Fungal Pathogen Gene and Protein Nomenclature

Fungal pathogen gene symbols are consistent with those assigned by genomic sequencing projects, wherever applicable, and otherwise conform to the most common usage in the literature. Whenever possible, the Proteome module follows the lead of the scientific community in choosing gene symbols. Occasionally we must decide which primary symbol to assign to a gene, if no single symbol has been agreed upon by the community. In cases where no genetic symbol exists, we assign the protein name ("Acetylase, for example) as the primary symbol. If no unique gene or protein symbol has been assigned, a clone symbol or number may be used as an identifier.

Each fungal pathogen gene has at least one symbol, which must be unique to that species. All symbols used in the literature or in GenBank records are collected and listed as synonyms. Synonyms that conflict with other gene symbols or synonyms appear in parentheses. Occasionally if two different genes have been assigned the same symbol and there are no available synonyms, numbers are appended to the gene symbols, e.g. 'ABC1_1', 'ABC1_2'.

The format of gene and protein symbols is an adaptation of the format agreed upon by genome projects or commonly used in the literature to the requirements of our database (italics, special characters, and spaces may not be used). The format differs for the different species, as indicated below.

Genes and Proteins for Aspergillus Species

For Aspergillus species, gene symbols are generally in the format abcA or abc1. Protein symbols are written by capitalizing the initial letter of the gene symbol (for example, AbcA or Abc1). Mutant alleles are denoted in the style used in the literature.

Genes and Proteins for B. dermatitidis, C. immitis, H. capsulatum, and Candida Species

B. dermatitidis, C. immitis, H. capsulatum, and all of the Candida species follow the style established for S. cerevisiae: gene symbols are in the format ABC1 and protein symbols are in the format Abc1p. Mutant alleles are denoted in the style used in the literature (usually, recessive alleles are represented in lowercase letters). Many Candida names are derived from CandidaDB.

Nucleotide sequence data for C. albicans were obtained from the Stanford Genome Technology Center website at Sequencing of C. albicans was accomplished with the support of the NIDR and the Burroughs Wellcome Fund. Informations about coding sequences and proteins were obtained from CandidaDB available at, which has been developed by the Galar Fungal European Consortium (QLK2-2000-00795).

Genes and Proteins for C. neoformans

Several different serotypes, or strains, of C. neoformans are commonly studied, most often serotypes A and D. Recent work suggests that the serotypes are distinct enough from each other that they may represent separate species. Accordingly, information about homologous proteins derived from different serotypes is kept on separate Locus Reports. To distinguish these gene symbols, a suffix denoting the serotype is appended to the gene symbol, which follows the format ADE2 (for example, ADE2_AADE2_D). Protein symbols are in the format Ade2_A. If nothing is appended to the gene symbols, this indicates that no serotype information is available. The currently recognized serotypes of C. neoformans are shown in the table below.

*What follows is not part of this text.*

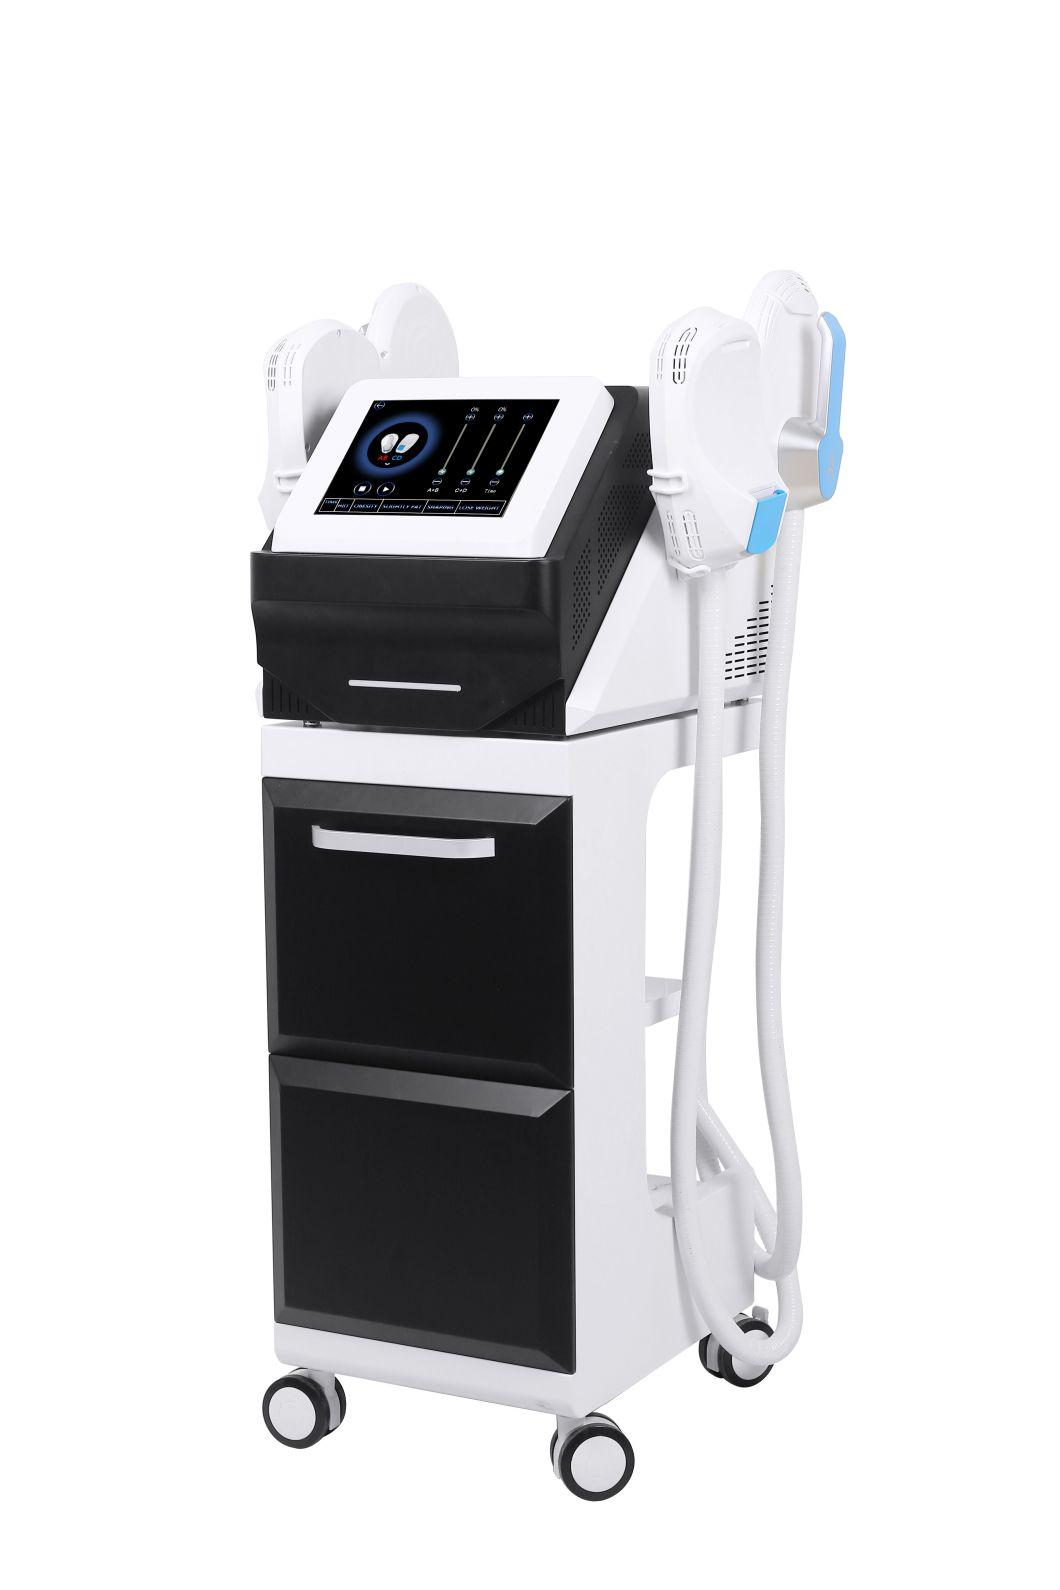 4 Cryo Handles EMS Slimming Cryotherapy Pad Beauty Cryo Fat Reduce Machine
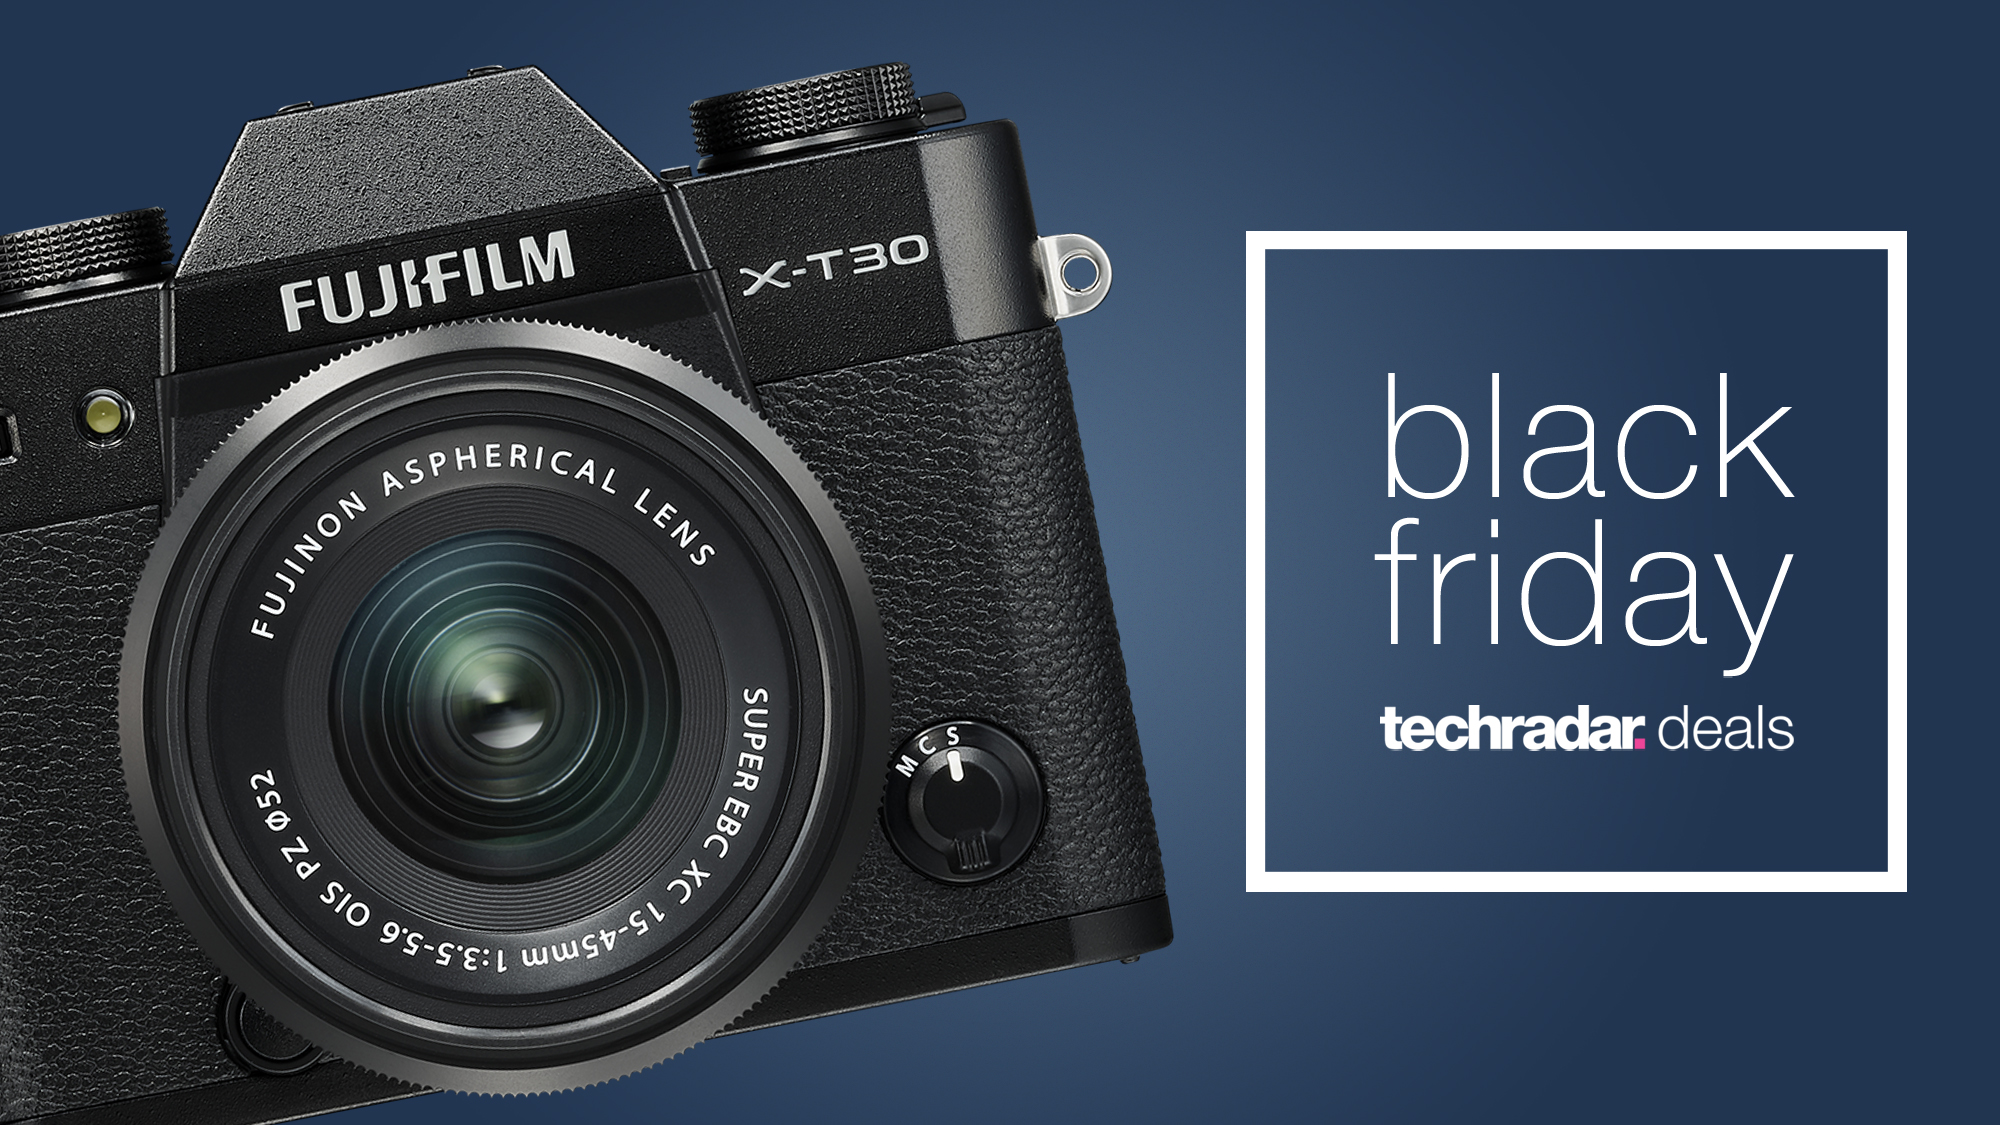 The Fujifilm X-T30 II camera next to a Black Friday logo

C. neoformans Varieties and Associated Serotypes

Variety Serotype
C. neoformans var. grubii A
C. neoformans var. gattii B
C. neoformans var. gattii C
C. neoformans var. gattii B/C
(indicates var. gattii strains whose serotype is unknown but could be B or C; denoted "B-C" in Proteome databases)
C. neoformans var. neoformans D
C. neoformans var. grubii/var. neoformans hybrid AD

Genes and Proteins for Pneumocystis Species

Pneumocystis species. P. carinii exists in different host species as distinct strains termed formae specialis or special forms. Since the special forms probably represent separate species, information about homologous proteins derived from different special forms is kept on separate Locus Reports. Gene symbols are in the format abc1, to which the name of the special form is appended (for example, abc1_carinii). Protein symbols are in the format Abc1_carinii. If the host organism is rat, but the distinction has not been made between f. sp. carinii and f. sp. ratti (two special forms which both exist in the rat host), _rat is appended to the gene or protein symbol. If nothing is appended to the gene symbol, this indicates that no special form information is available. The most commonly studied P. carinii special forms are shown in the table below.

Special Forms of P. carinii and Their Associated Hosts

Special form Host
P. carinii f. sp. carinii rat
P. carinii f. sp. rattii rat
P. carinii f. sp. muris mouse
P. carinii f. sp. mustelae ferret
P. carinii f. sp. oryctolagi rabbit

P. jiroveci. P. carinii f. sp. hominis, the special form that exists in humans, has been recognized as a distinct species and renamed Pneumocystis jiroveci. The Locus Reports for all the P. carinii f. sp. hominis proteins are now available under the species name P. jiroveci, and the _hominis designation has been removed from the gene symbols.